The parametric bootstrap

Bootstrapping is a family of procedures for generating sample values of a statistic, allowing for visualization of the distribution of the statistic or for inference from this sample of values. Bootstrapping also belongs to a larger family of procedures called resampling, which are based on creating new samples of data from an existing one, then computing statistics on the new samples, in order to examine the distribution of the relevant statistics.

A parametric bootstrap is used with a parametric model, m, that has been fit to data. The procedure is to simulate n response vectors from m using the estimated parameter values and refit m to these responses in turn, accumulating the statistics of interest at each iteration.

The parameters of a LinearMixedModel object are the fixed-effects parameters, β, the standard deviation, σ, of the per-observation noise, and the covariance parameter, θ, that defines the variance-covariance matrices of the random effects. A technical description of the covariance parameter can be found in the MixedModels.jl docs. Lisa Schwetlick and Daniel Backhaus have provided a more beginner-friendly description of the covariance parameter in the documentation for MixedModelsSim.jl. For today’s purposes – looking at the uncertainty in the estimates from a fitted model – we can simply use values from the fitted model, but we will revisit the parametric bootstrap as a convenient way to simulate new data, potentially with different parameter values, for power analysis.
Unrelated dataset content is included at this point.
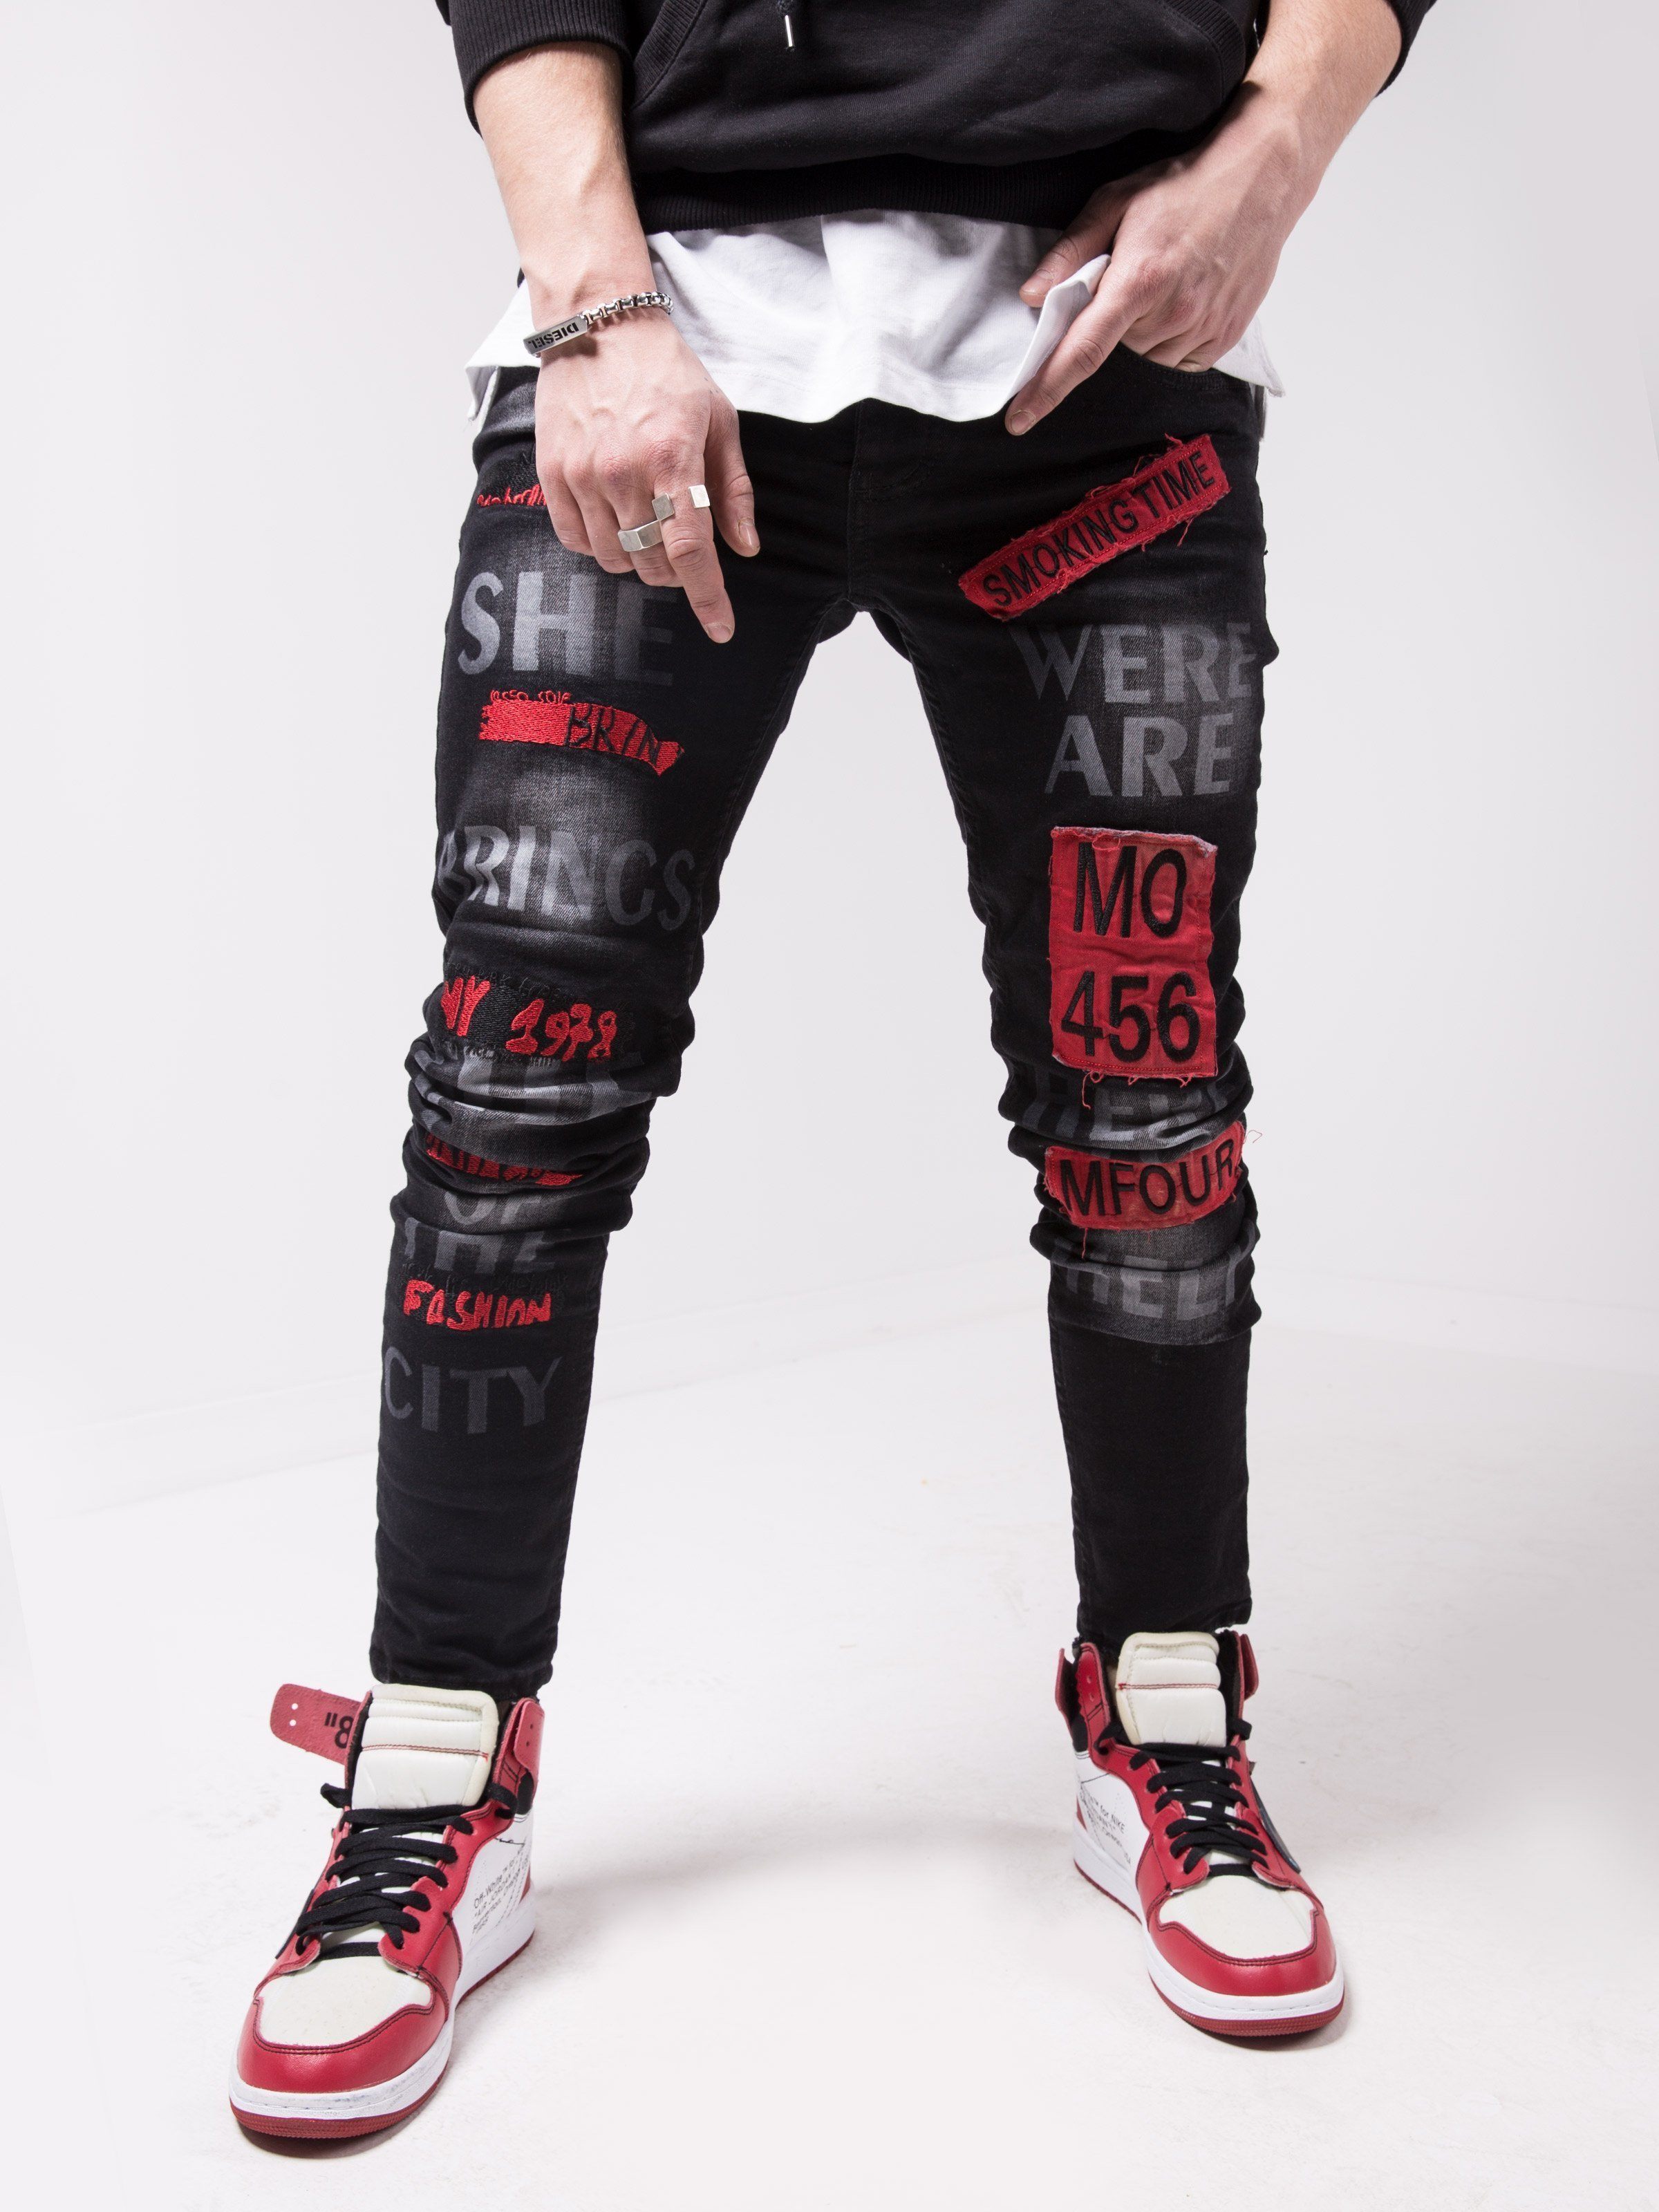 A man wearing a pair of GHETTO BIRD jeans with red and black stripes.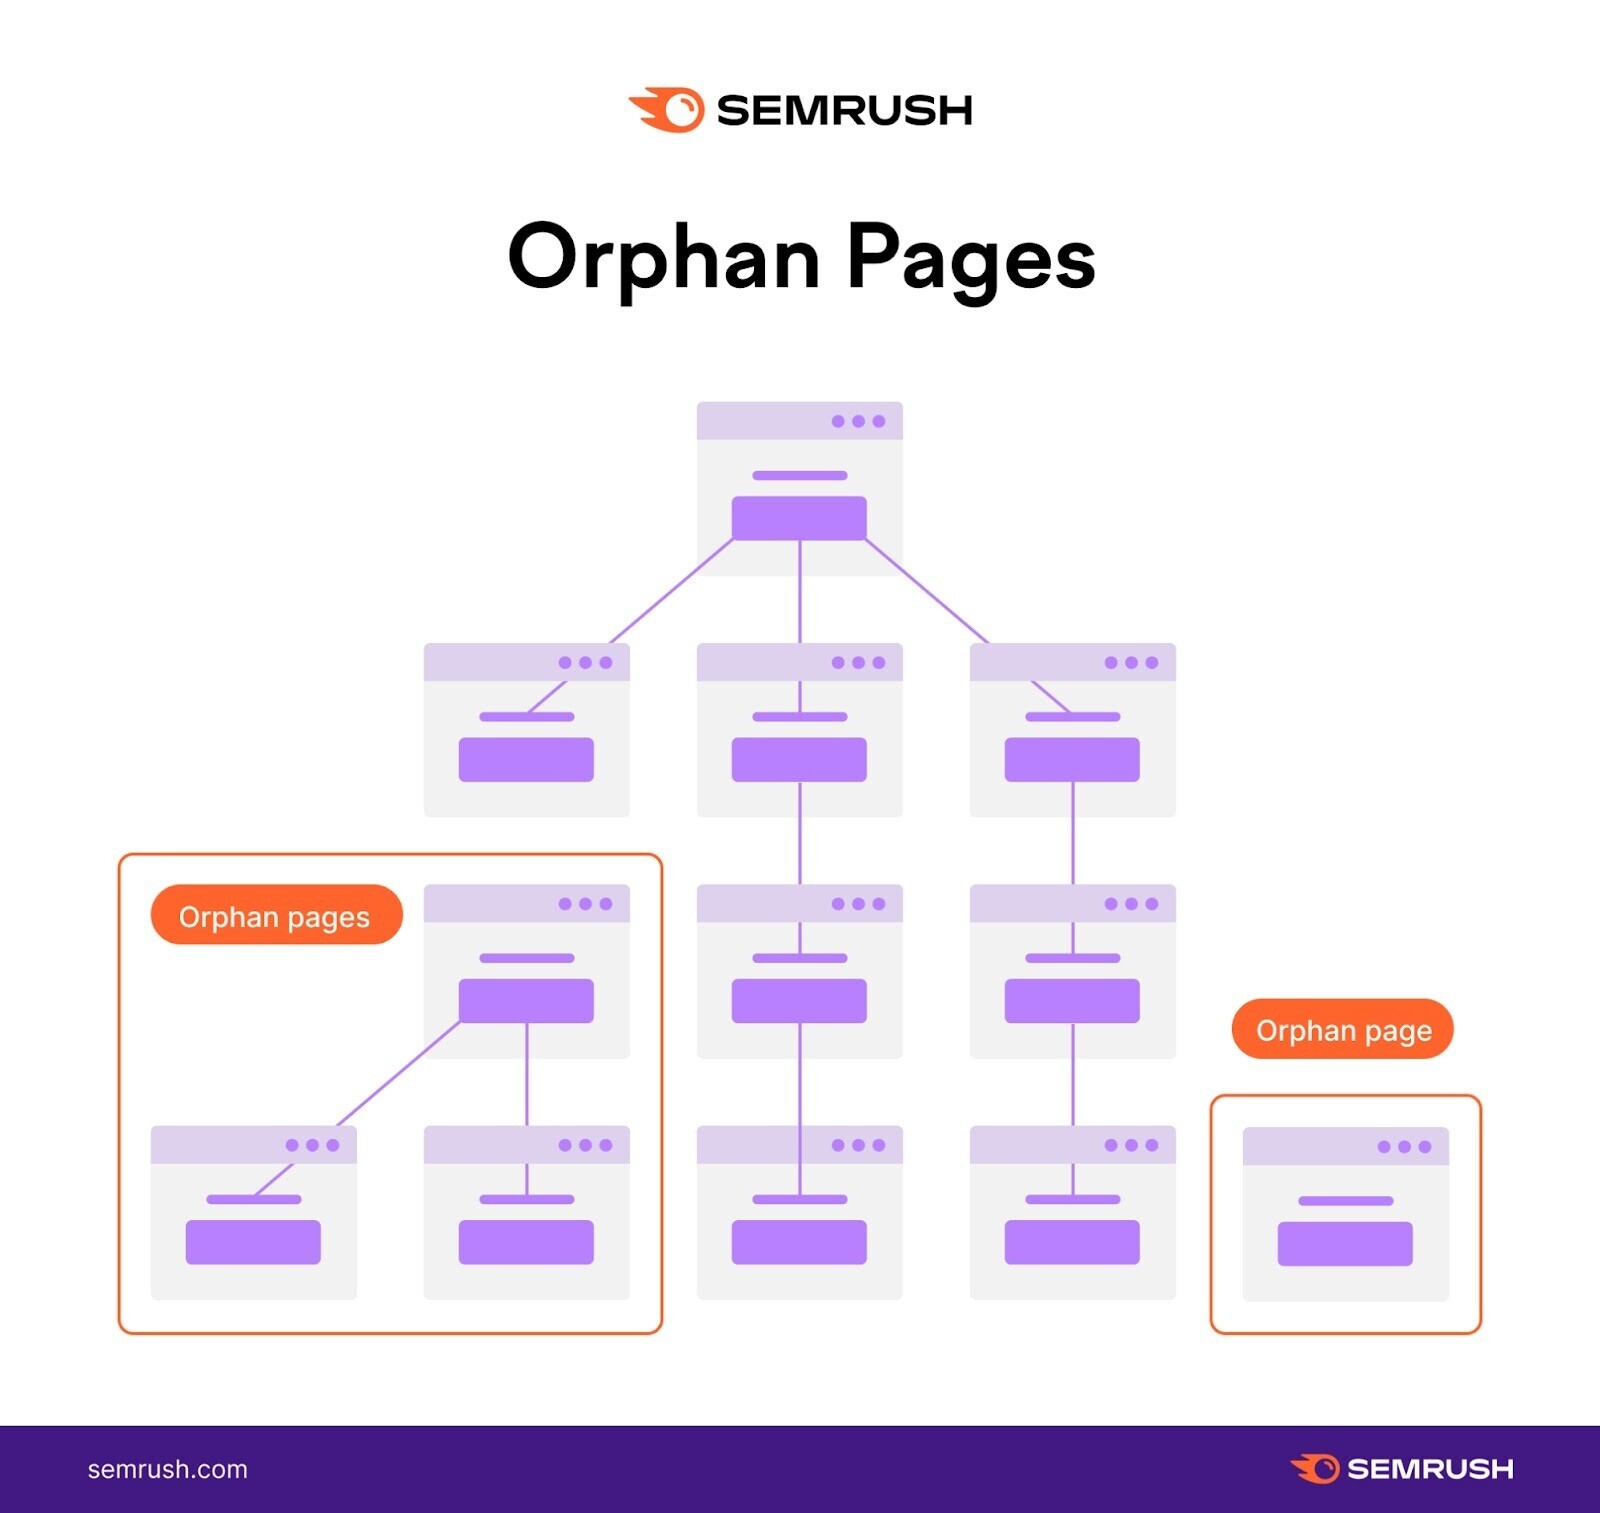 "Orphan pages" infographic

For example, a simple linear mixed-effects model for the Dyestuff data in the lme4 package for R is fit by

using AlgebraOfGraphics
using CairoMakie
using DataFrames
using MixedModels
using MixedModelsMakie
using ProgressMeter
using Random

using AlgebraOfGraphics: AlgebraOfGraphics as AoG
CairoMakie.activate!(; type="svg") # use SVG (other options include PNG)
ProgressMeter.ijulia_behavior(:clear);

Note that the precise stream of random numbers generated for a given seed can change between Julia versions. For exact reproducibility, you either need to have the exact same Julia version or use the StableRNGs package.

A model of moderate complexity

The kb07 data (Kronmüller & Barr, 2007) are one of the datasets provided by the MixedModels package.

kb07 = MixedModels.dataset(:kb07)
Arrow.Table with 1789 rows, 7 columns, and schema:
 :subj      String
 :item      String
 :spkr      String
 :prec      String
 :load      String
 :rt_trunc  Int16
 :rt_raw    Int16

Convert the table to a DataFrame for summary.

kb07 = DataFrame(kb07)
describe(kb07)

7 rows × 7 columns

variablemeanminmedianmaxnmissingeltype
SymbolUnion…AnyUnion…AnyInt64DataType
1subjS030S1030String
2itemI01I320String
3spkrnewold0String
4precbreakmaintain0String
5loadnoyes0String
6rt_trunc2182.25791940.051710Int16
7rt_raw2226.245791940.0159230Int16

The experimental factors; spkr, prec, and load, are two-level factors.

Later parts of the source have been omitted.